▶ _Input records_

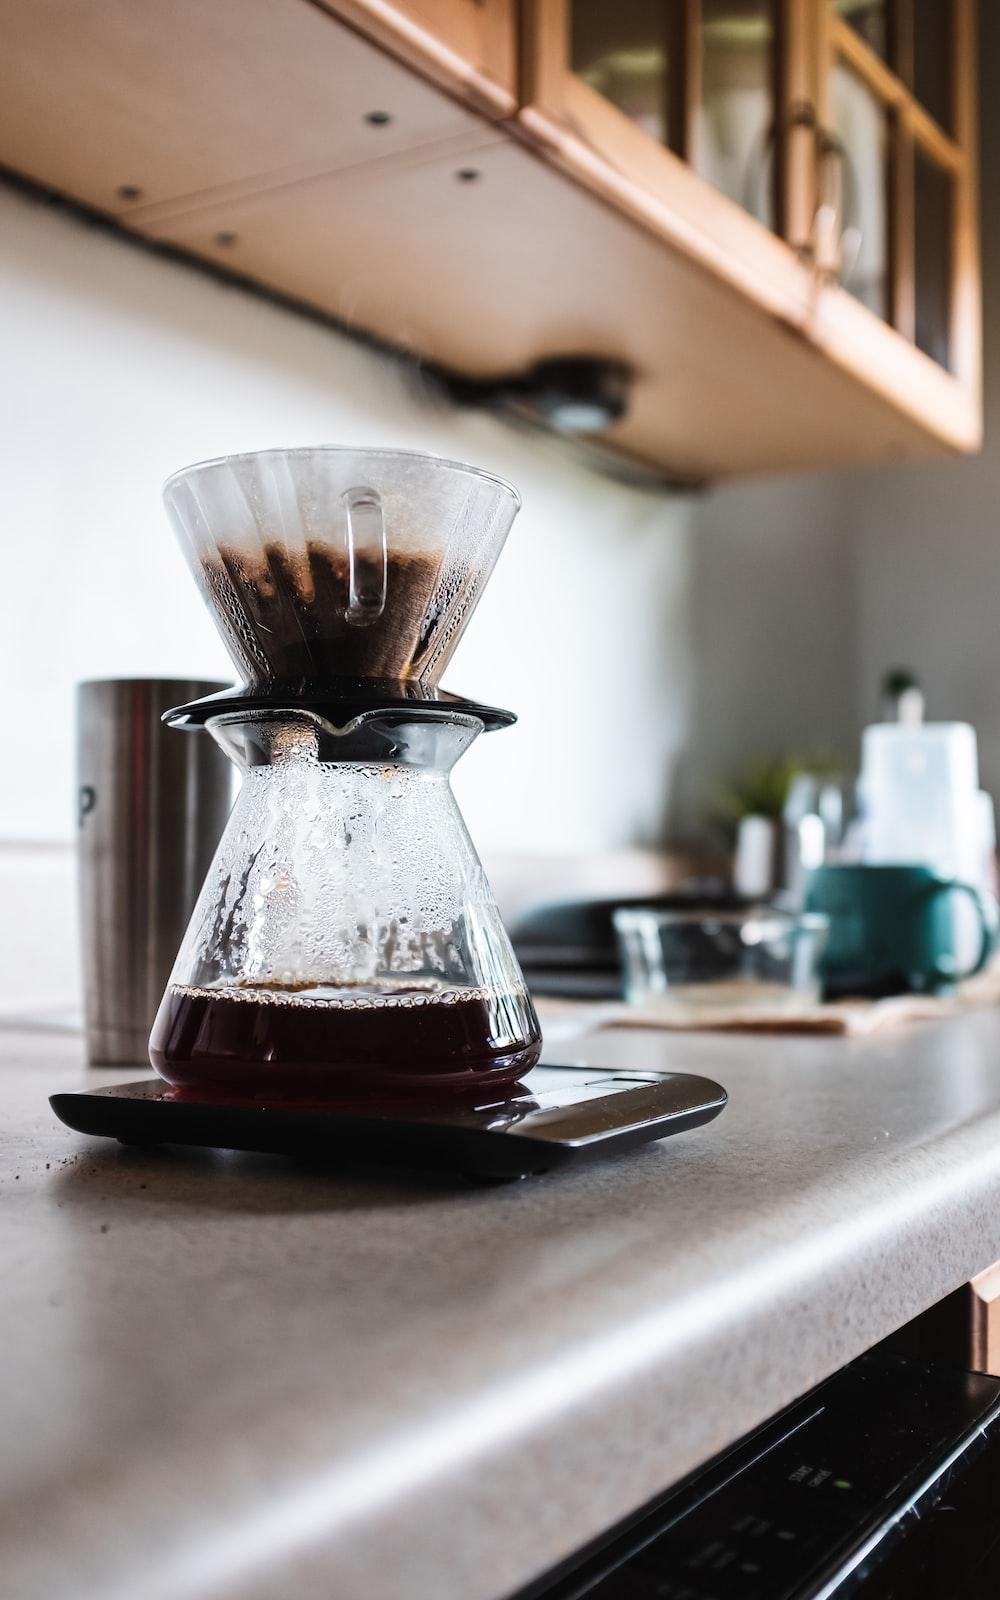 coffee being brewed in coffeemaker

--

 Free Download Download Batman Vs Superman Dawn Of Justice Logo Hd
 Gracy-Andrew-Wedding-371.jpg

* * *

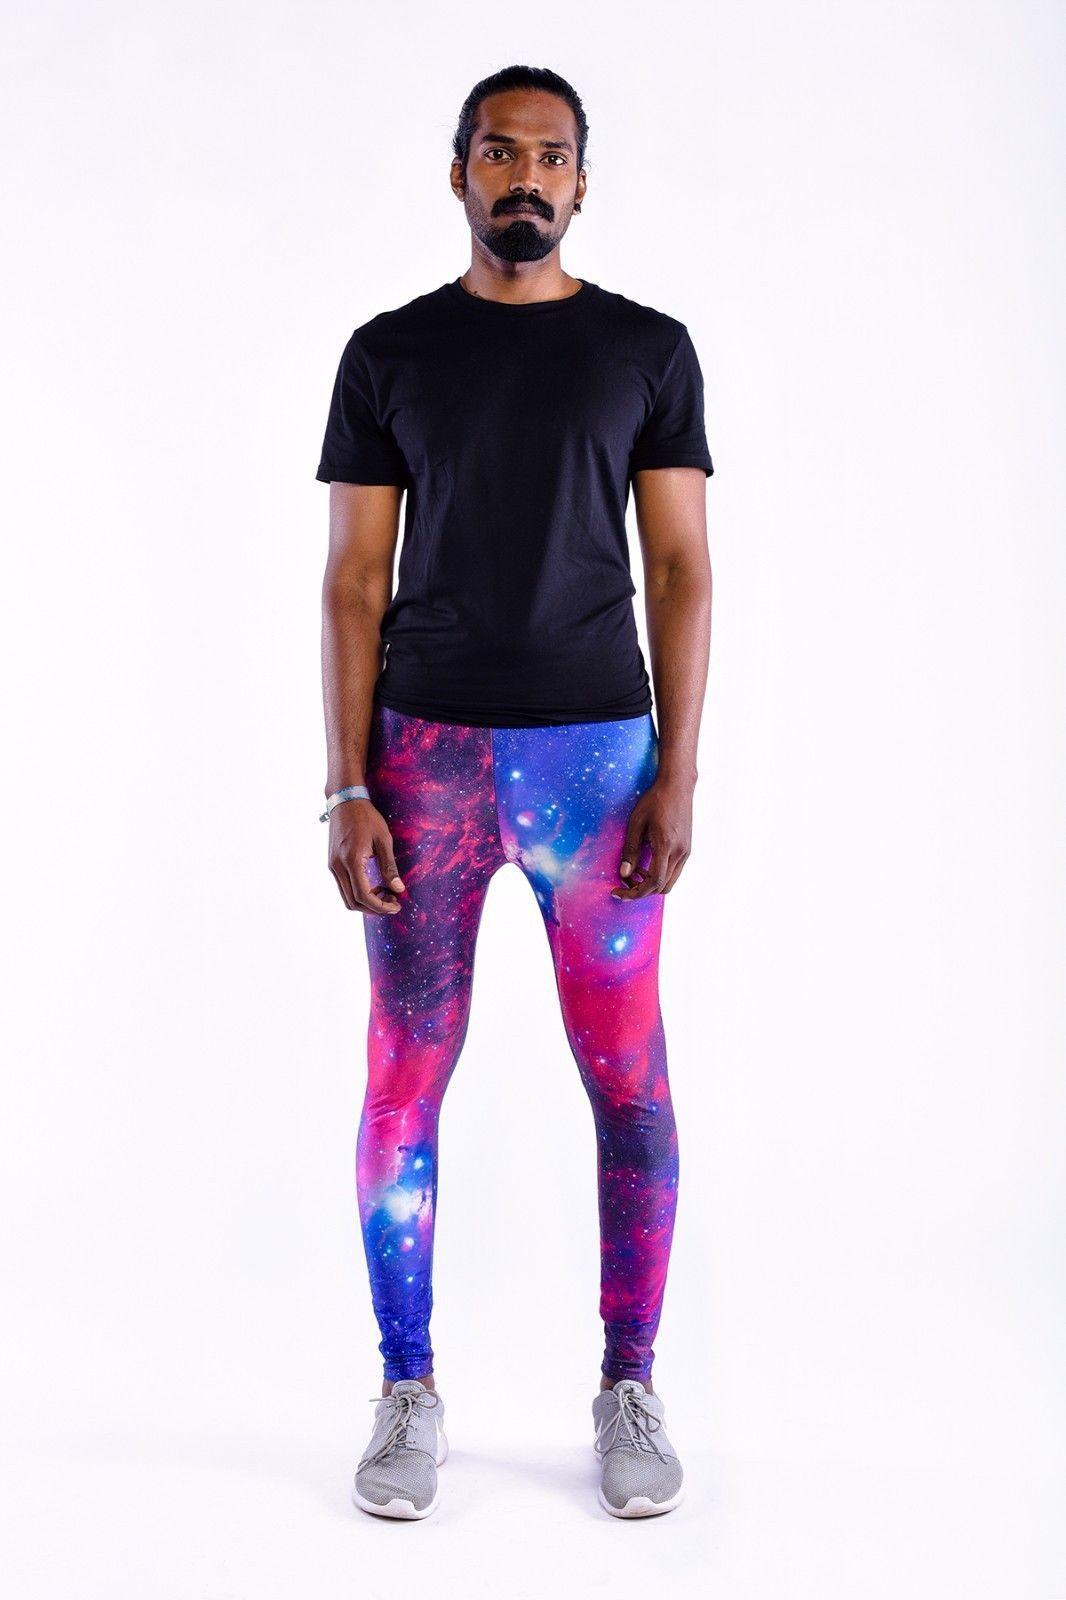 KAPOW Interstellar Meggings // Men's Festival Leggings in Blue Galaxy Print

▶ _Instructions to follow_
The response must hold only the lines above from the line with "Free Download Download" through the line with "Gracy-Andrew-Wedding-371.jpg", each copied exactly, both ends kept.

▶ _Exercise output_
 Free Download Download Batman Vs Superman Dawn Of Justice Logo Hd
 Gracy-Andrew-Wedding-371.jpg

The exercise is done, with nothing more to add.